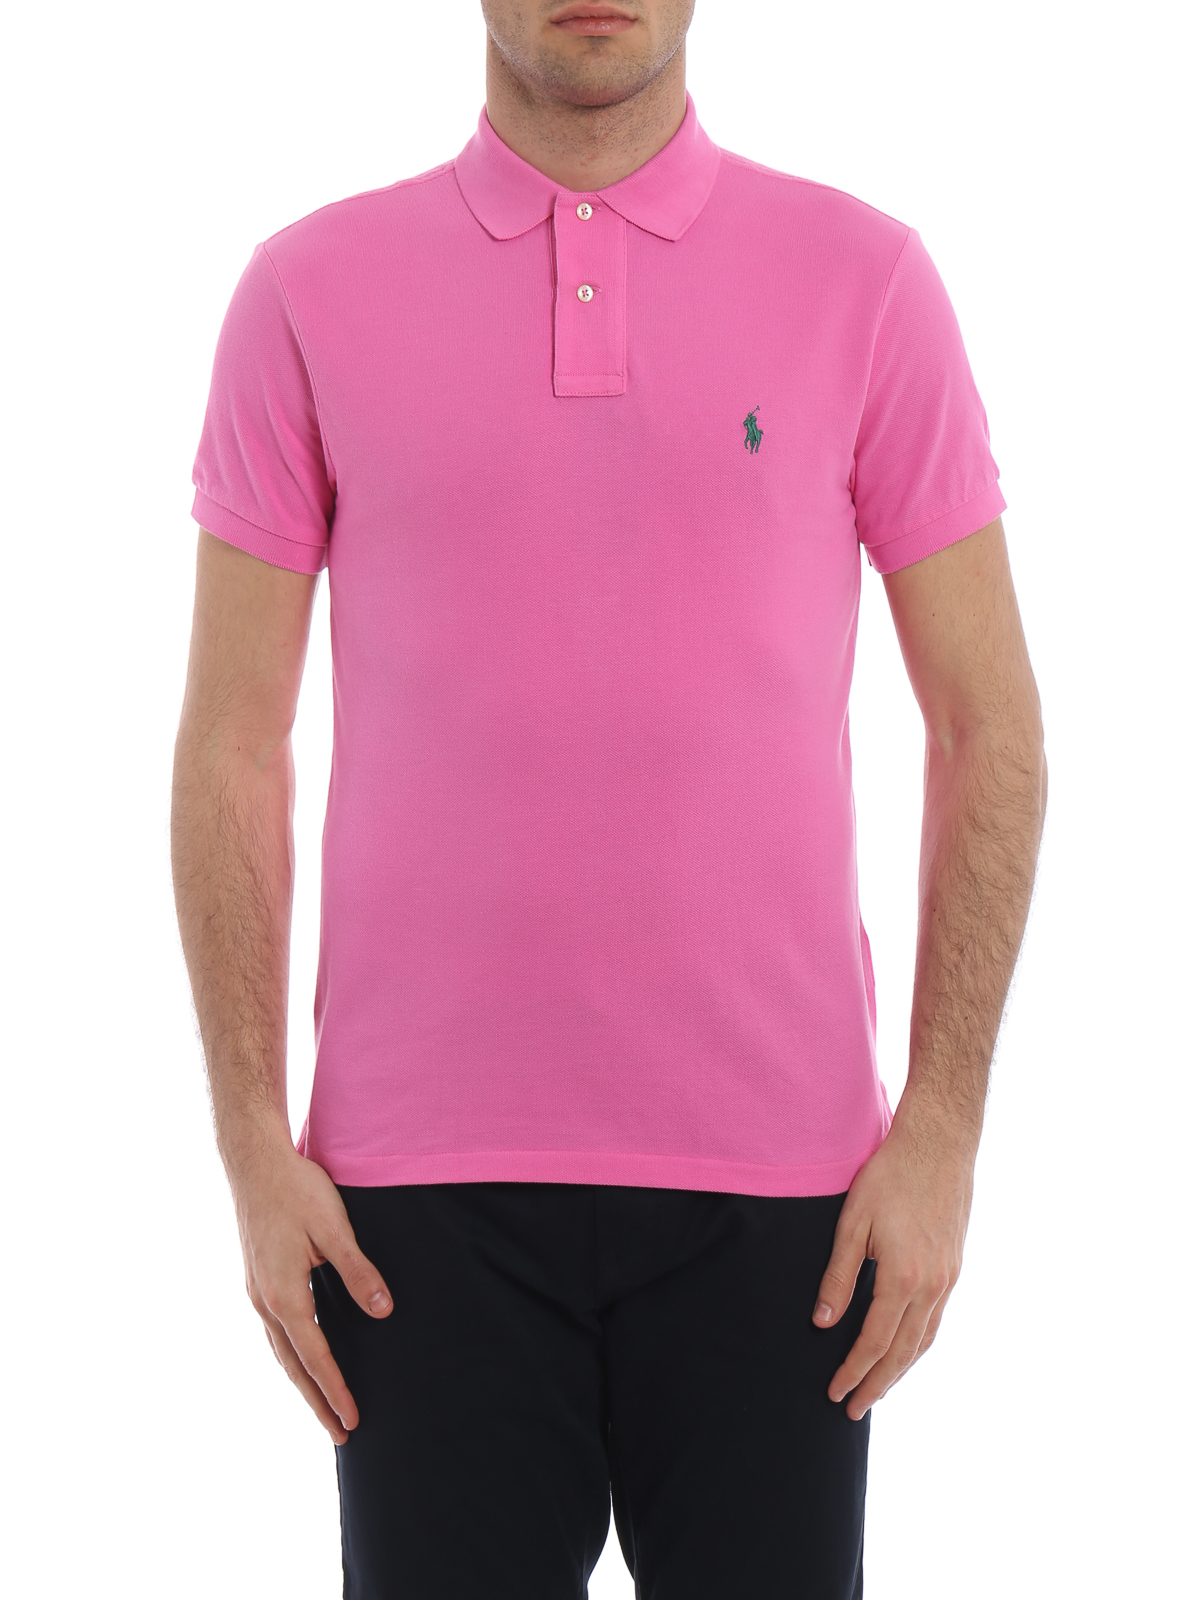 Polo shirts Polo Ralph Lauren - Classic pink polo shirt in pique cotton -  710536856090
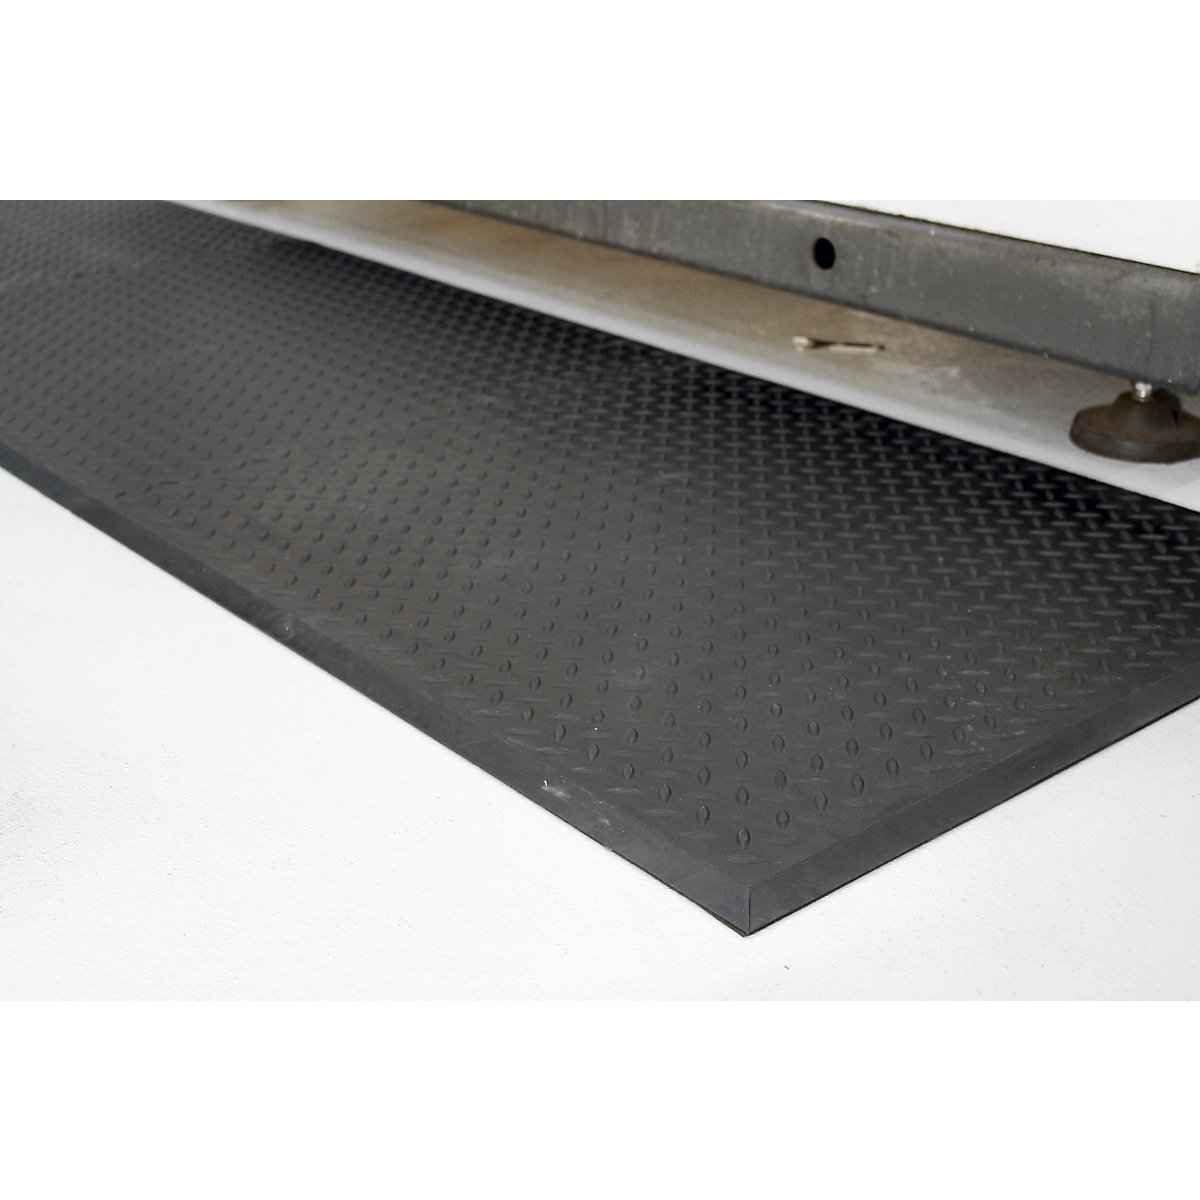 Comfort-Lok anti-fatigue matting – COBA, natural rubber, edge mat, LxW 800 x 700 mm, pack of 2-3
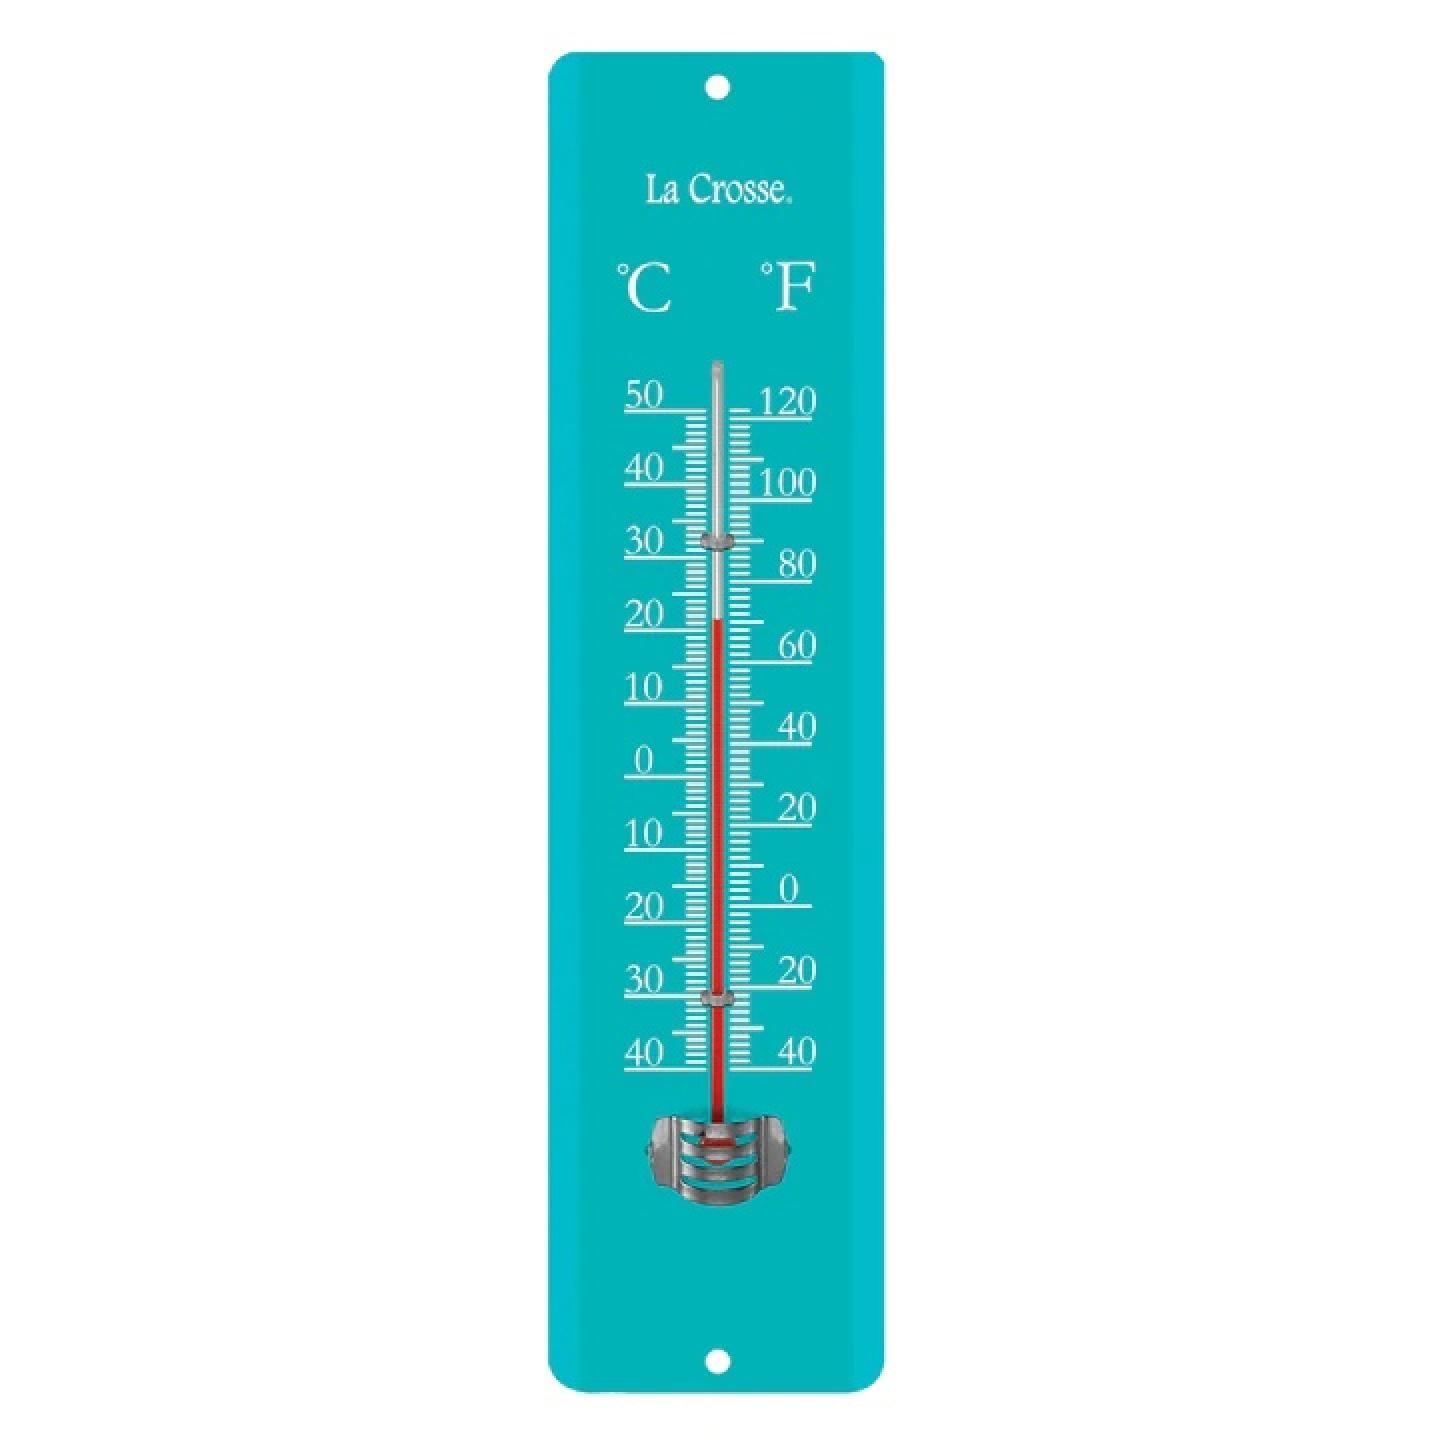 La Crosse Metal Thermometer

» **WORK ITEM**: Return all of the lines above without alteration, minus the pictures.

» **RESPONSE AREA**:
 Polo shirts Polo Ralph Lauren - Classic pink polo shirt in pique cotton -  710536856090
 Comfort-Lok anti-fatigue matting – COBA, natural rubber, edge mat, LxW 800 x 700 mm, pack of 2-3
 La Crosse Metal Thermometer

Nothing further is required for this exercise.